• [About this task] From the listing below, reproduce word for word the part that opens with the line containing "Loving husband hugging" and closes with the line containing "LEGO Duplo Large Green Building Plate"; reproduce nothing else.

• [Data section]
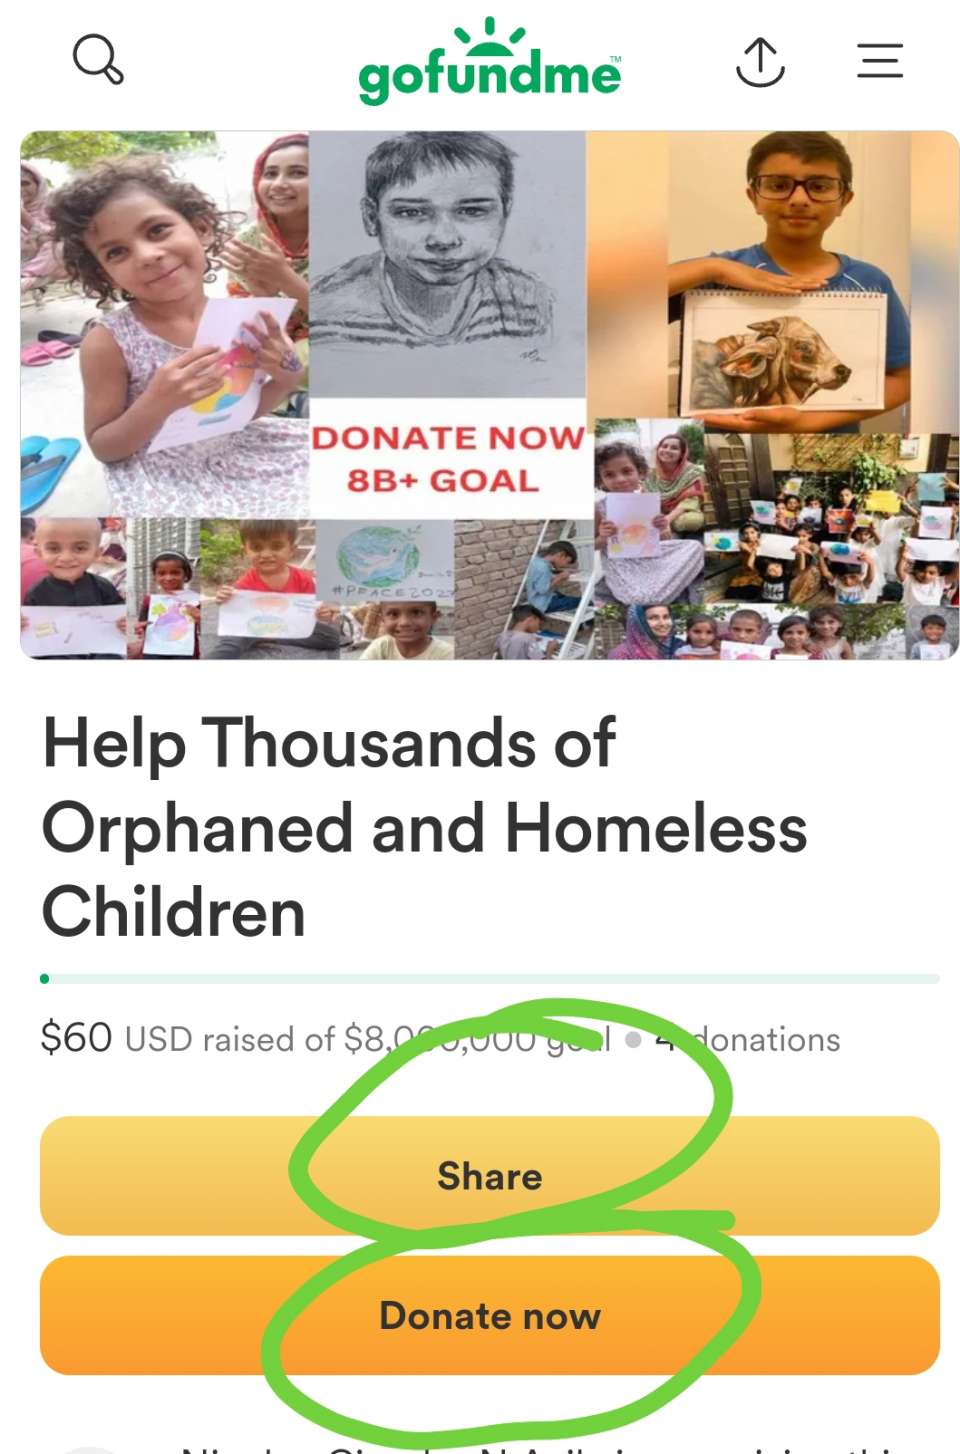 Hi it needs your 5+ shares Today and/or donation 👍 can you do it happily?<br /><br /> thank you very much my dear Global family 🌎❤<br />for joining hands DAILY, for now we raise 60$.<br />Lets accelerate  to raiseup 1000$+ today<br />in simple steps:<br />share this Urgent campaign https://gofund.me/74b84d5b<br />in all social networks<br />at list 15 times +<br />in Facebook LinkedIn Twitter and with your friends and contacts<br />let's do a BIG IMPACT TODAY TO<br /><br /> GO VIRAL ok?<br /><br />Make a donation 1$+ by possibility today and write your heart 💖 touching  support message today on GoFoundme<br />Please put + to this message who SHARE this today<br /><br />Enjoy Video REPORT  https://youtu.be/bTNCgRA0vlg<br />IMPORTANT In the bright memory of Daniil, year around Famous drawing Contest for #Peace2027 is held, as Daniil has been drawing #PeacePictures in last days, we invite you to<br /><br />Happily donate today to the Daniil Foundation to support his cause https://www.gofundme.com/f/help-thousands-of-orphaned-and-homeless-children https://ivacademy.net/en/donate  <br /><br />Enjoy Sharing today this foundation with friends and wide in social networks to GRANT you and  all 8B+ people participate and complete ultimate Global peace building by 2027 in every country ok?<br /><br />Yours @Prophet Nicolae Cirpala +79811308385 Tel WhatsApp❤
---
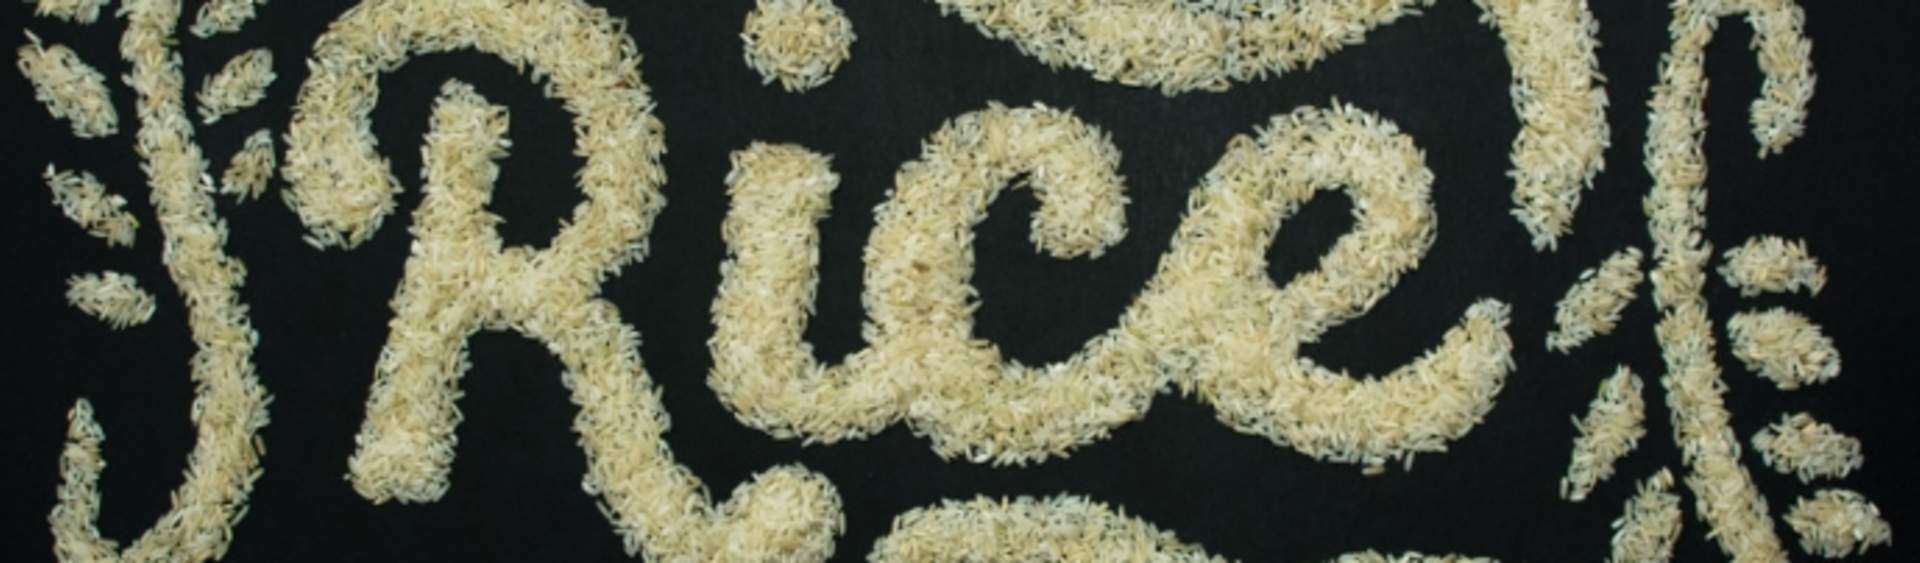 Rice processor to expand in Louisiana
...
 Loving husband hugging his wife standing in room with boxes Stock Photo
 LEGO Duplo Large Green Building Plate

• [Your response]
 Loving husband hugging his wife standing in room with boxes Stock Photo
 LEGO Duplo Large Green Building Plate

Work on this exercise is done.